The second file, ending in singlishCopyPgfams.txt, has the PGFam IDs selected for analysis, those meeting the criteria for maximum missing genomes and maximum duplicated genes, and truncated to the maximum number of genes specified (--maxGenomesMissing, --maxAllowedDups, --maxGenes).

The file ending in "8taxa_10cds_10proteins.pgfamsAndGenesIncludedInAlignment.txt" specifies the genes included in each homology group, separately by protein and by codon alignment. Sometimes a gene fails in the codon alignment process and will be present in the protein alignment but missing in the other. The "8taxa" in the file name indicates that of the 9 taxa in the input file, one was missing in the data requested from PATRIC. This sometimes happens.

The file ending in "_codonAndProteins.phy" contains the PHLYP-formatted concatenated alignment for all codons and proteins (or just one or the other if specified).
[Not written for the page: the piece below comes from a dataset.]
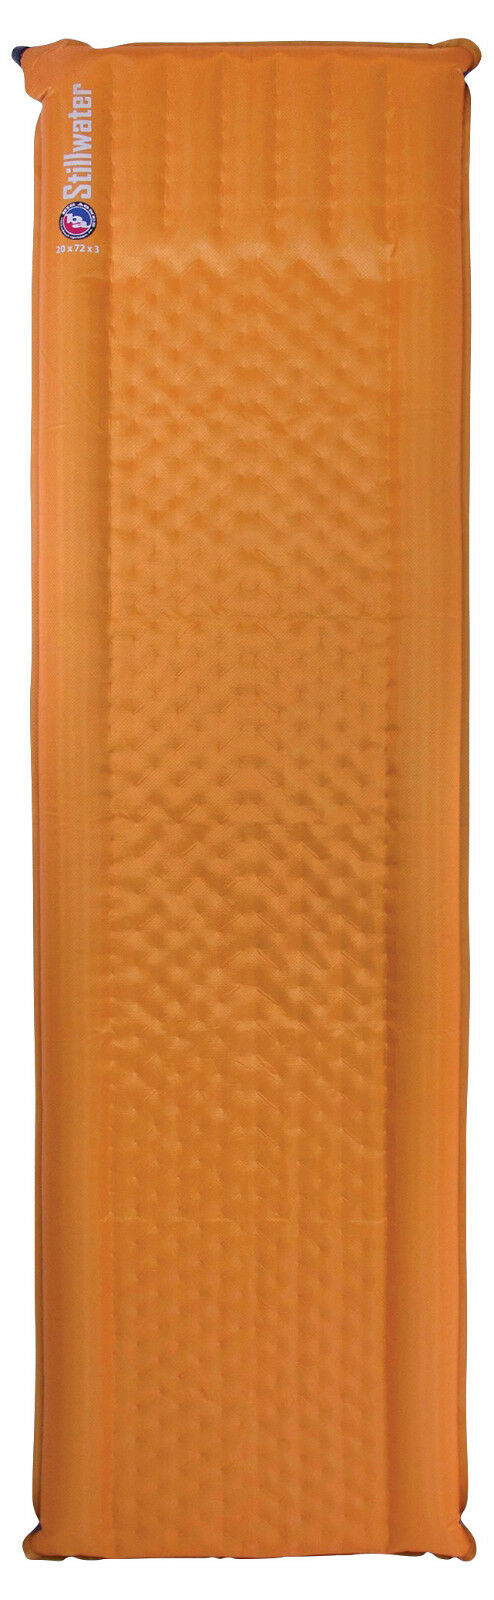 Big Agnes Stillwater Sleeping Pad - Long - Ultralight 1 lb 12 oz R-value 1.5 NEW

The file ending in "_codonAndProteins.partitions" tells raxml what the distinct partitions of data are that are to be analyzed separately, namely the 3 codon positions of DNA and the columns of the alignment with the amino acid characters. It also specifies the substitution matrix to be used for the protein data.

DNA, codon1 = 1-11475\3  
DNA, codon2 = 2-11475\3  
DNA, codon3 = 3-11475\3  
LGF, proteins = 11476-15300  

The file ending in ".raxmlCommand.sh" contains the command line for running raxml on the prepared alignment data. It can be run manually if wanted. E.g.:

raxml -s test9_genome_8taxa_10cds_10proteins_codonAndProteins.phy -n test9_genome_8taxa_10cds_10proteins_codonAndProteins -m GTRGAMMA -q test9_genome_8taxa_10cds_10proteins_codonAndProteins.partitions -p 12345 -T 1 -f a -x 12345 -N 100

The files begining with "RAxML_" are the raxml output files. Of these, the one of interest in this example is this:

RAxML_bipartitions.test9_genome_8taxa_10cds_10proteins_codonAndProteins

This is a Newick file including the support values because the --boostrapReps parameter was specified in this case (as 100). If the program is run without specifying bootstrapping, then this file will not be generated and the Newick file to select is this:

RAxML_bestTree.test9_genome_8taxa_10cds_10proteins_codonAndProteins

Note that the file beginning with "RAxML_bipartitionsBranchLabels." is formatted differently and, for example, will not load into the program FigTree.

Note that the output tree files use as labels the genome IDs. I may add a utility to relabel these to the genome names.